= Coby G. Brooks =

American businessman

Coby Garrett Brooks (born May 17, 1969) is the former president and CEO of Hooters, Inc. and Naturally Fresh, Inc. Brooks was promoted to these positions in 2003, three years before the death of his father, Hooters chairman Robert H. Brooks.

After his father's death, Brooks gained a controlling interest in his father's companies and was named chairman of his father's estate. He became embroiled in a dispute with his father's widow, Tami, over the distribution of the elder Brooks' estate. Brooks was left 30 percent of his father's estate.

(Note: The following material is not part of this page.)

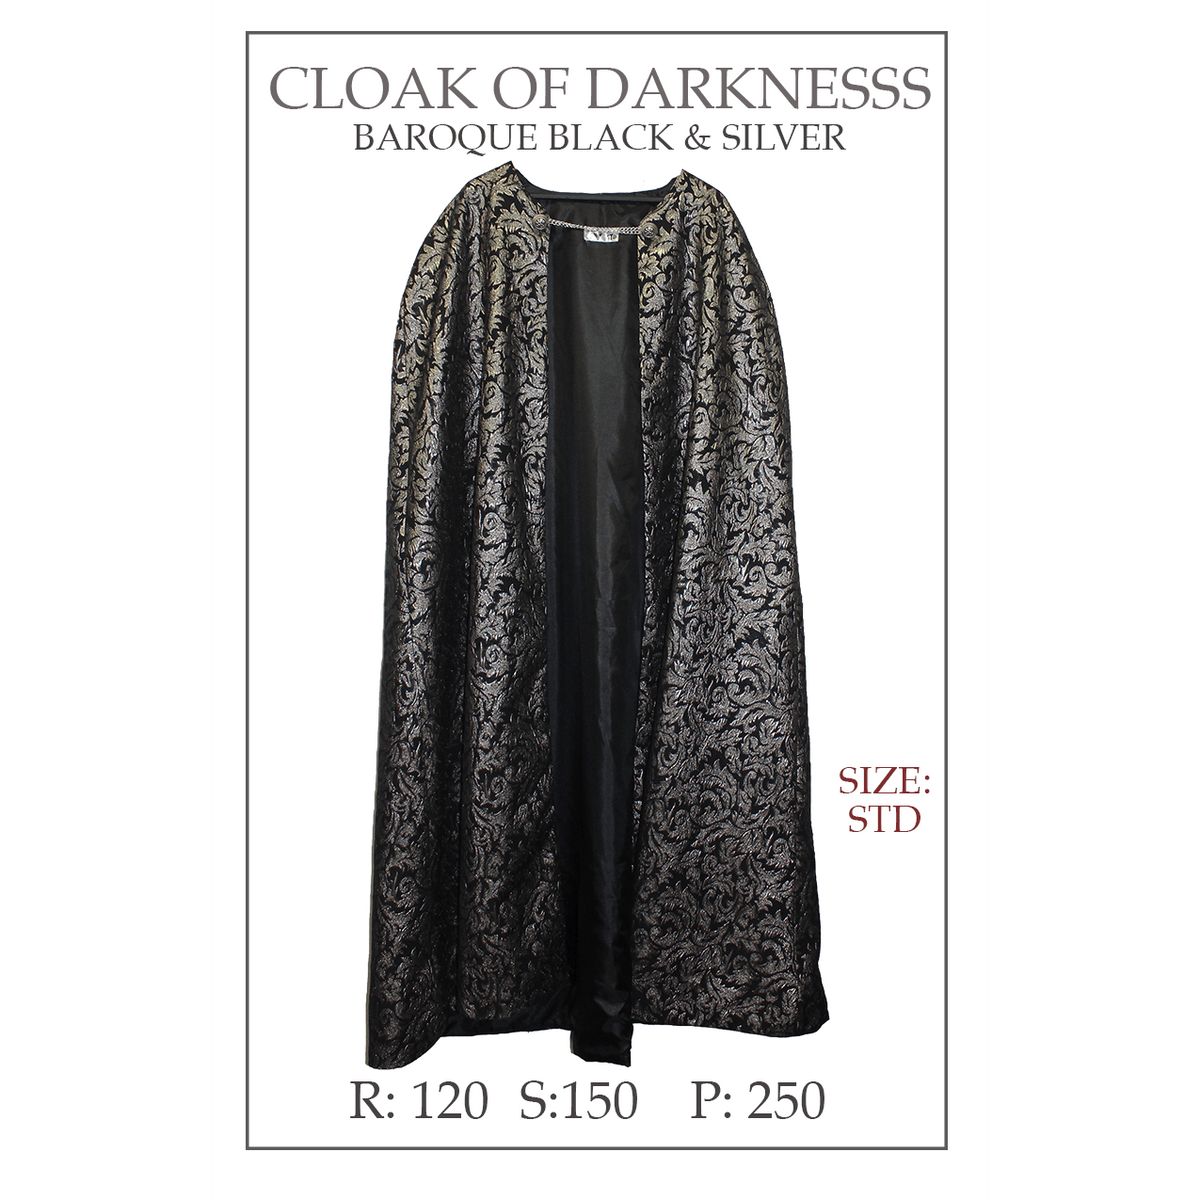 Cloak Of Darkness, Baroque Black & Silver Cloak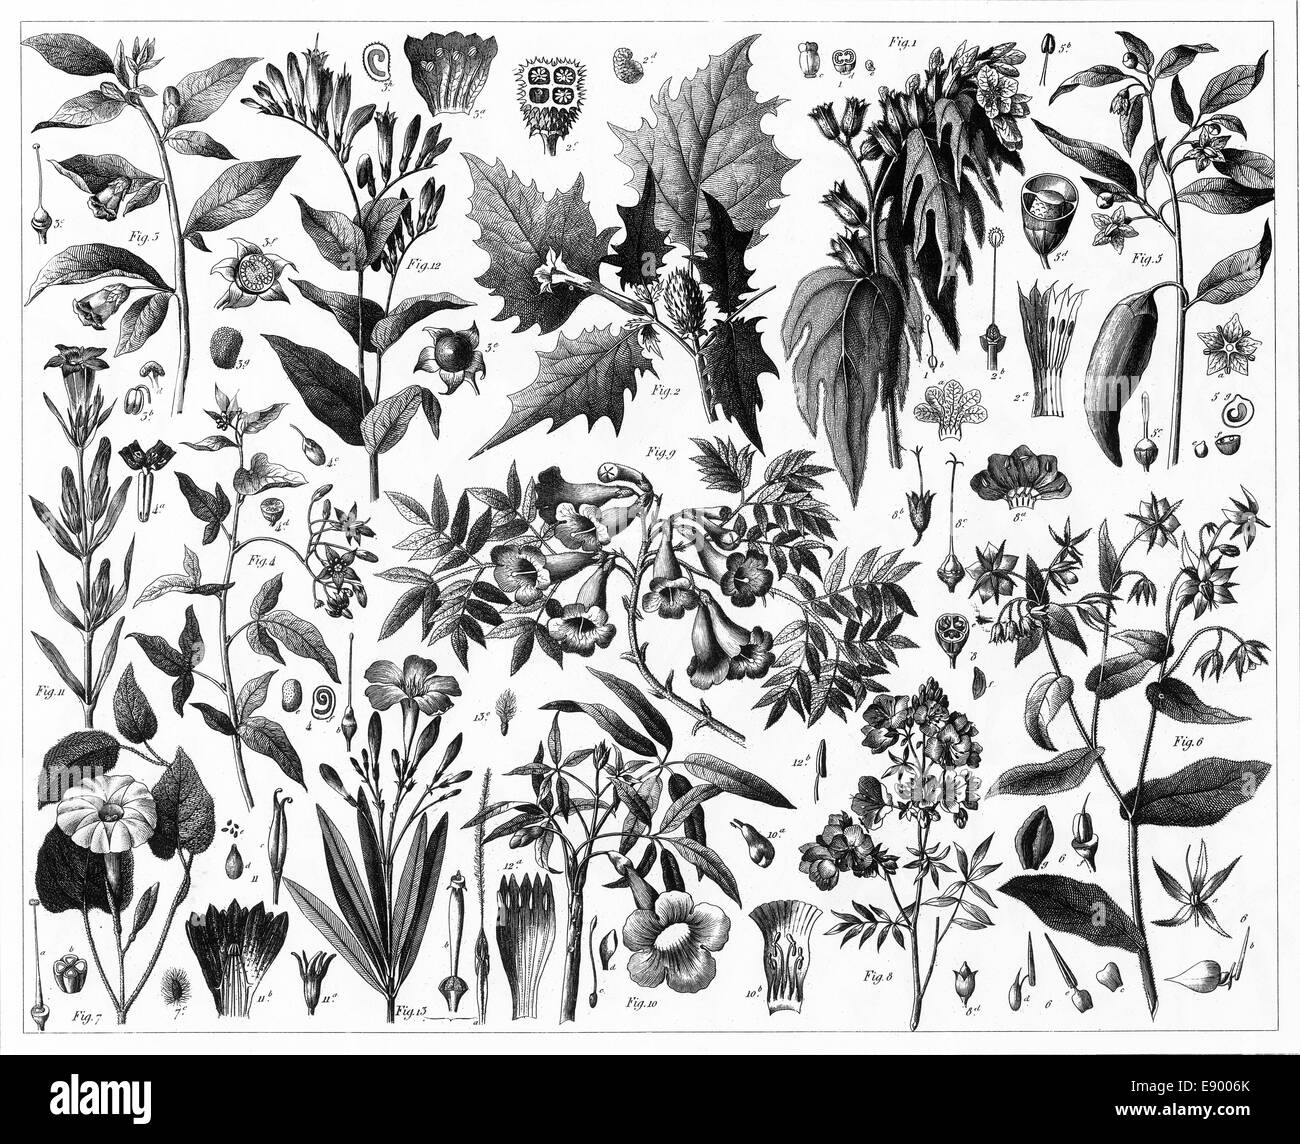 Le illustrazioni incise di piante tossiche da enciclopedia iconografico della scienza, letteratura e arte, pubblicato nel 1851. Foto Stock

Brooks appeared on an episode of the CBS reality TV show Undercover Boss featuring Hooters in February 2010. Brooks left Hooters after the sale of the company in 2011 and is now a franchisee of Twin Peaks, another "breastaurant" chain. Brooks also made a cameo alongside Twin Peaks CEO Randy DeWitt on another episode of Undercover Boss, going undercover as a "rude patron" to ensure employees were aware of the protocols of dealing with rude customers after encountering some that were unaware at earlier jobs. He was ejected from the bar and would appear at the end of the episode to donate $15,000 to the bartender at that location. After Brooks's departure from Hooters, he was replaced by Terrance M. Marks. He made a third cameo in the Cinnabon episode to give advice to a CEO going undercover that was a chairperson in the Hooters episode. He would also appear in the Epic Bosses and Epic Employees highlight episodes.